11. Stable Diffusion 3.5 Large Officially Launches on Amazon Bedrock Platform

At the AWS re:Invent conference, Stable Diffusion 3.5 Large (SD3.5 Large) was officially launched on the Amazon Bedrock platform, aiming to provide developers with a secure and convenient environment for developing generative AI applications. This model excels in text-to-image generation, supports diverse visual styles, and accurately responds to user inputs.

[AiBase Highlights:]

🌟 The SD3.5 Large model is now available on the Amazon Bedrock platform, supporting convenient and secure AI application development.

🎨 This model features diverse style generation, excellent text prompt adherence, and versatile image output capabilities.

🔧 The newly upgraded image services include stable image super and core versions, providing higher quality and cost-effective generation solutions.

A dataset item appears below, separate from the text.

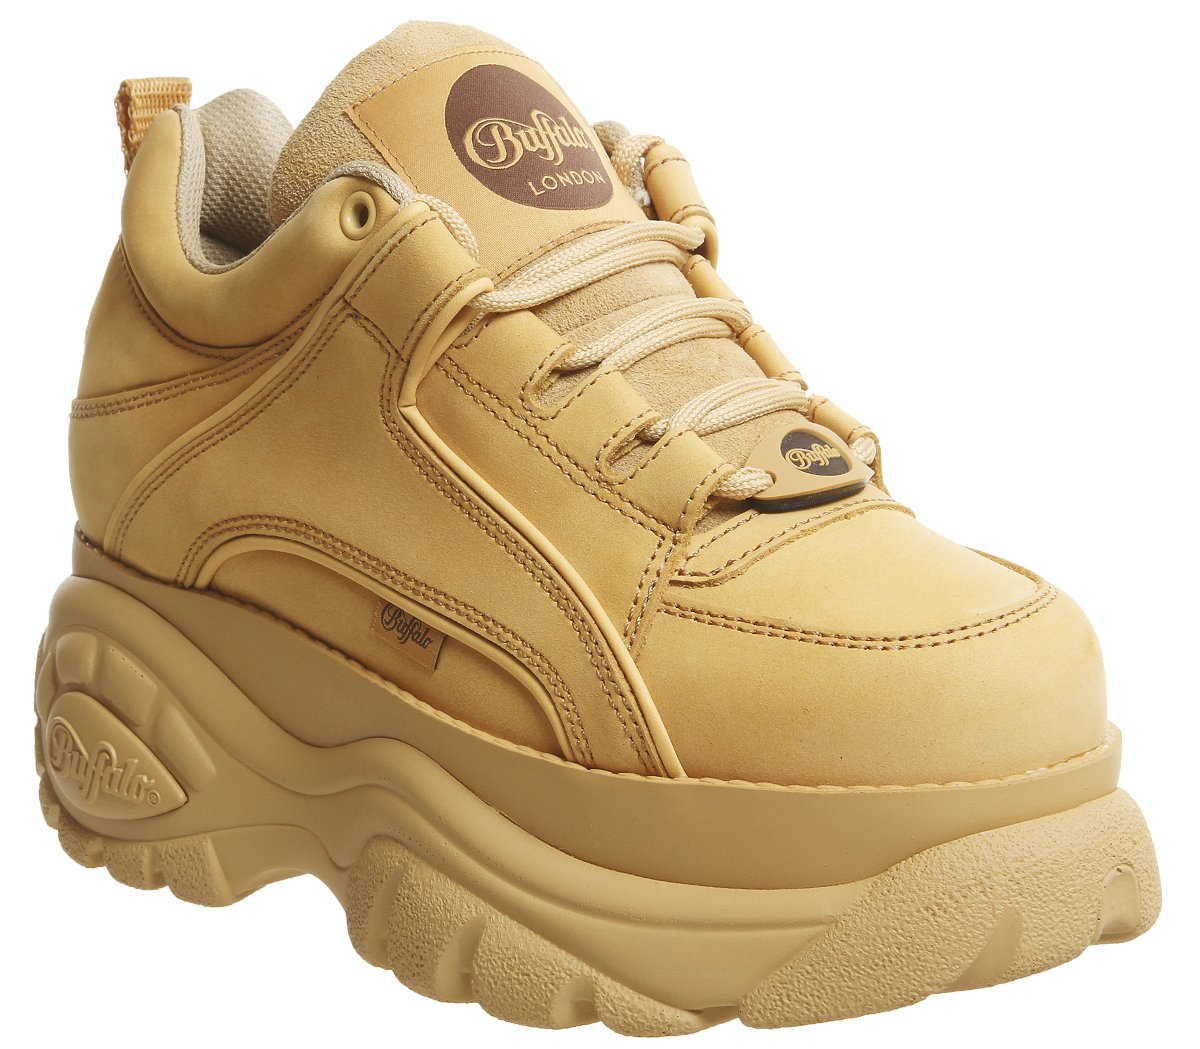 Honey BUFFALO 1339-14 2.0 Femme Chaussures Chaussures Fauve
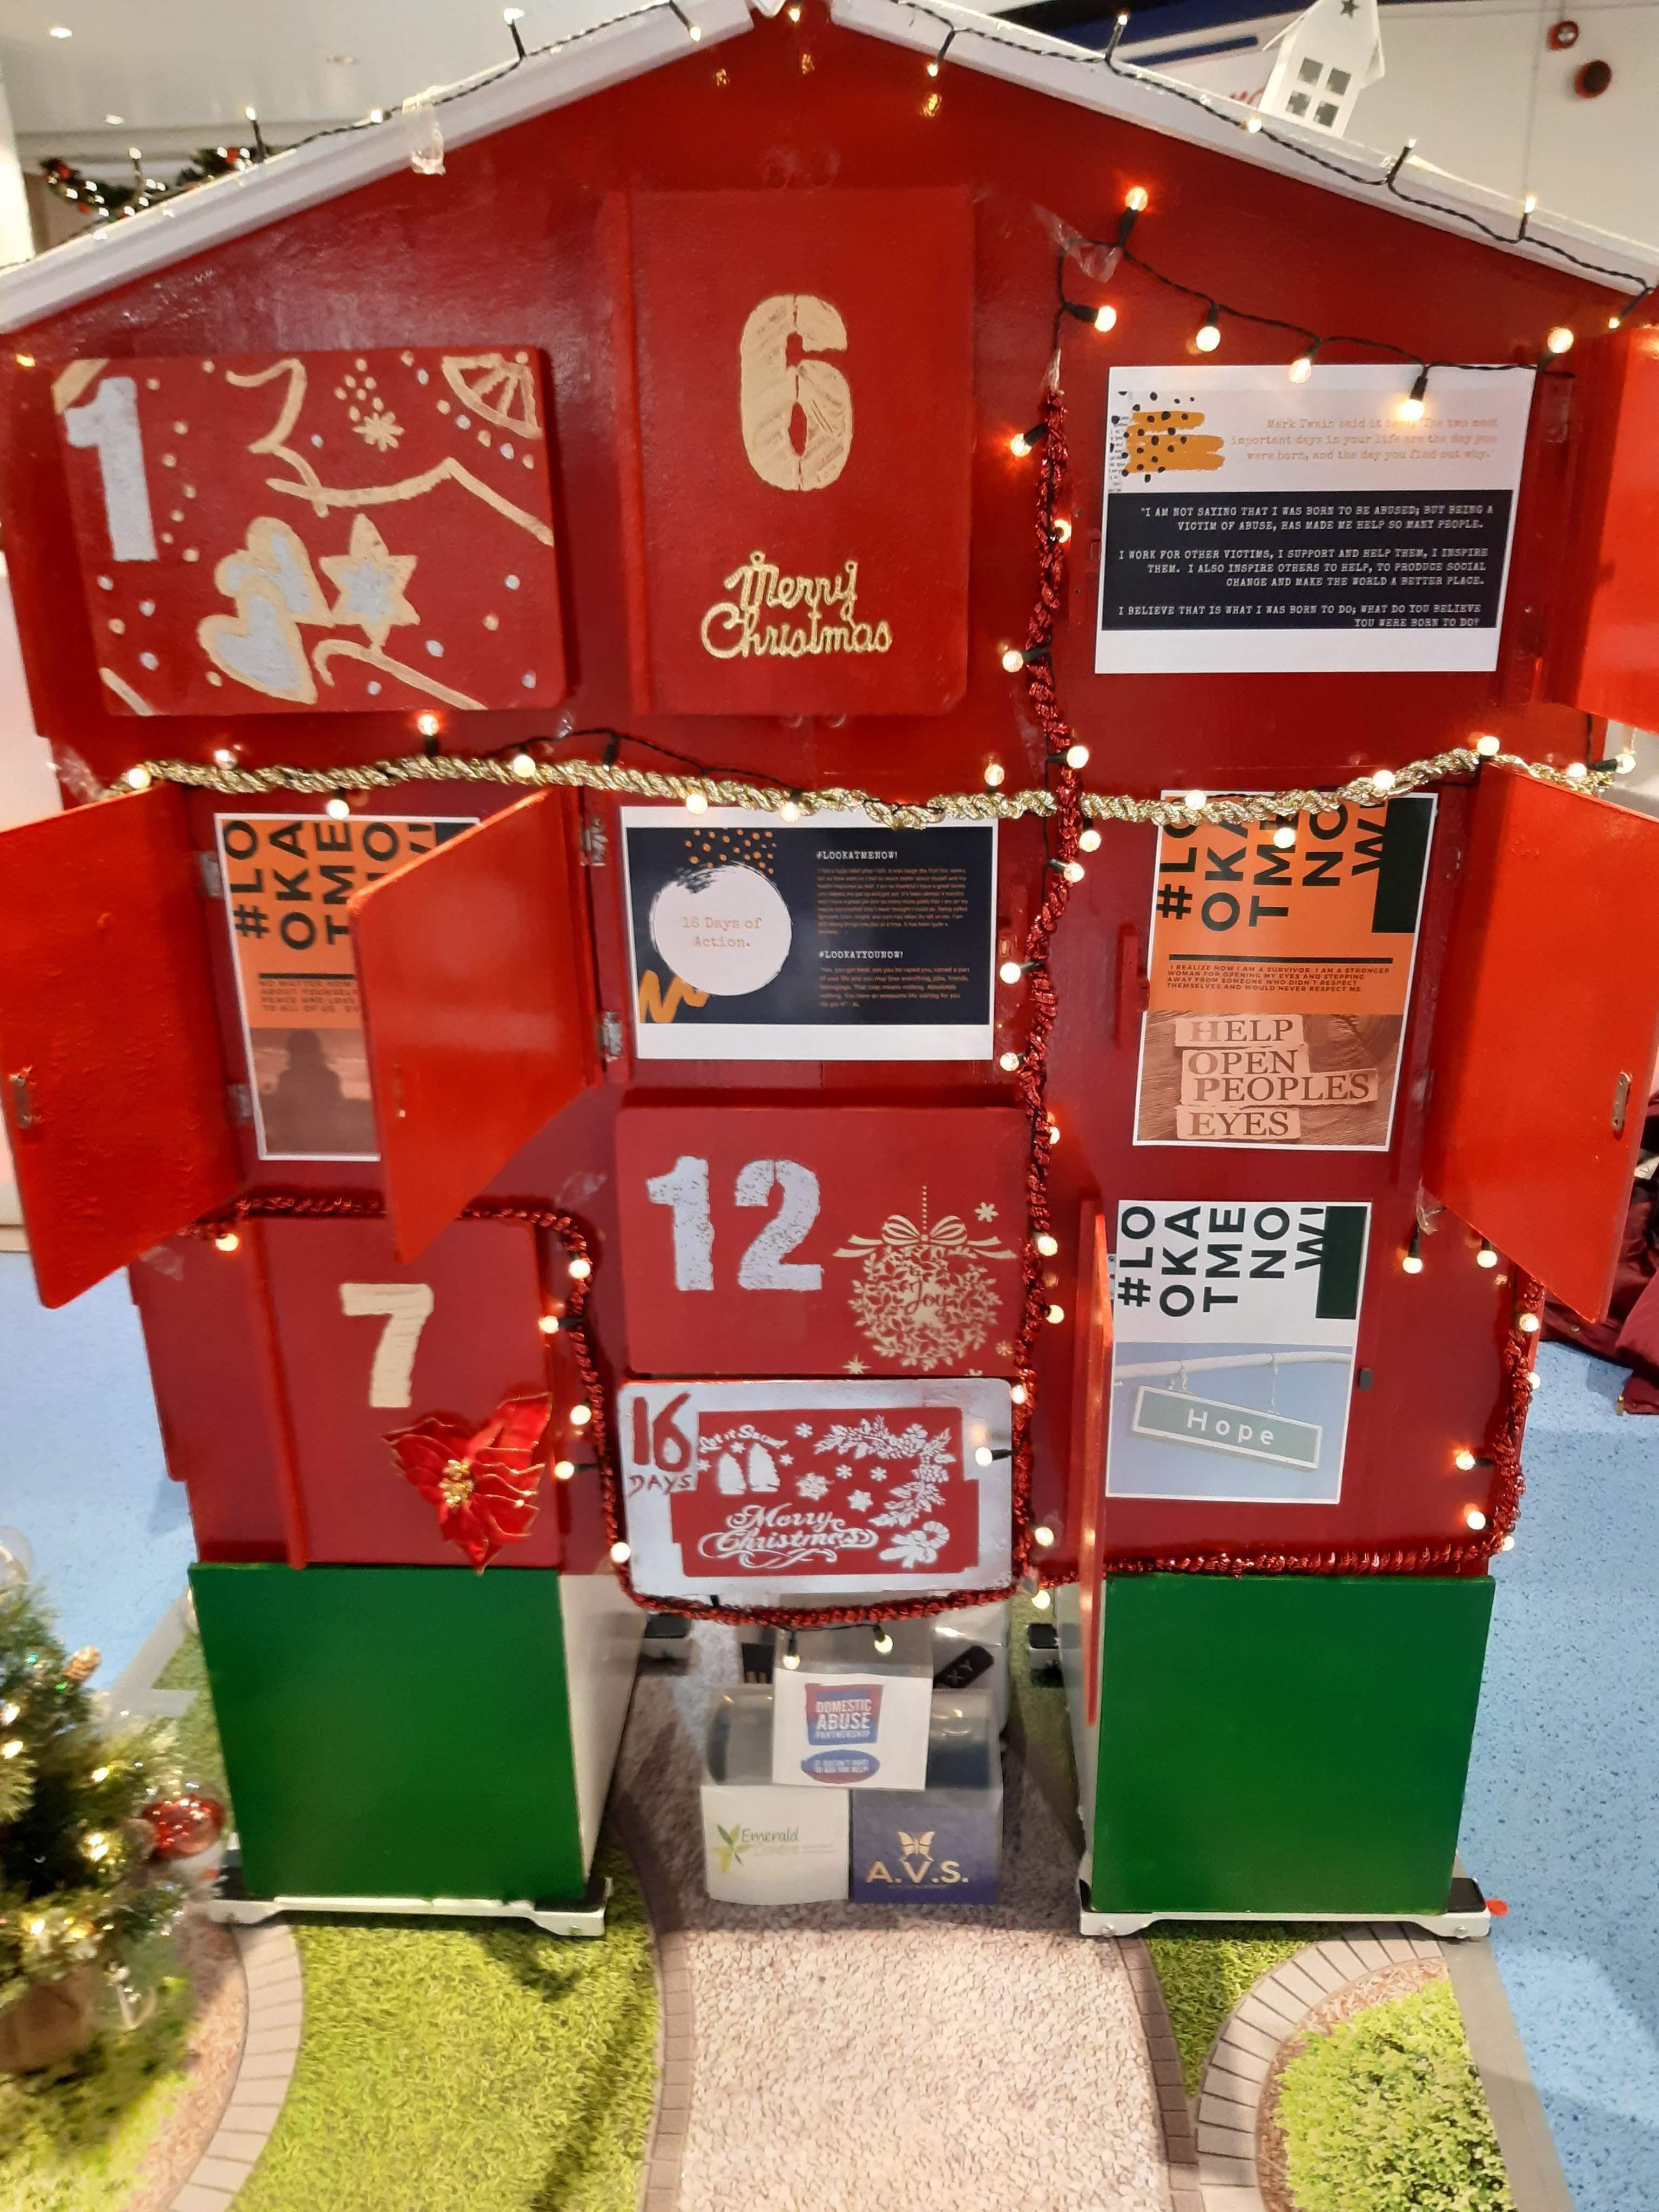 An image of the 3D Advent Calendar House, with garden floor matt, christmas tree and mailbox.

Details link: https://stability.ai/news/stable-diffusion-35-large-is-now-available-on-amazon-bedrock?utm_source=futuretools.io&utm_medium=newspage

12. 140 Trillion Tokens Training Volume Boosts: Falcon3 Challenges Mainstream Open Source AI Models

The new generation open-source AI model Falcon3 released by the Abu Dhabi Technology Innovation Institute (TII) has achieved remarkable performance on consumer-grade hardware with a training volume of 140 trillion tokens and optimized architectural design, setting new records. Compared to its predecessor, the training scale of Falcon3 has doubled, demonstrating strong competitiveness, especially in benchmark tests against other mainstream open-source models.

[AiBase Highlights:]

🚀 The Falcon3 series offers four specifications to meet different user needs, supporting multiple language processing.

🏆 In evaluations by Hugging Face, Falcon3 surpassed several mainstream open-source models, showcasing powerful performance.

💡 TII plans to launch multimodal models in 2025, further expanding Falcon3's application scenarios.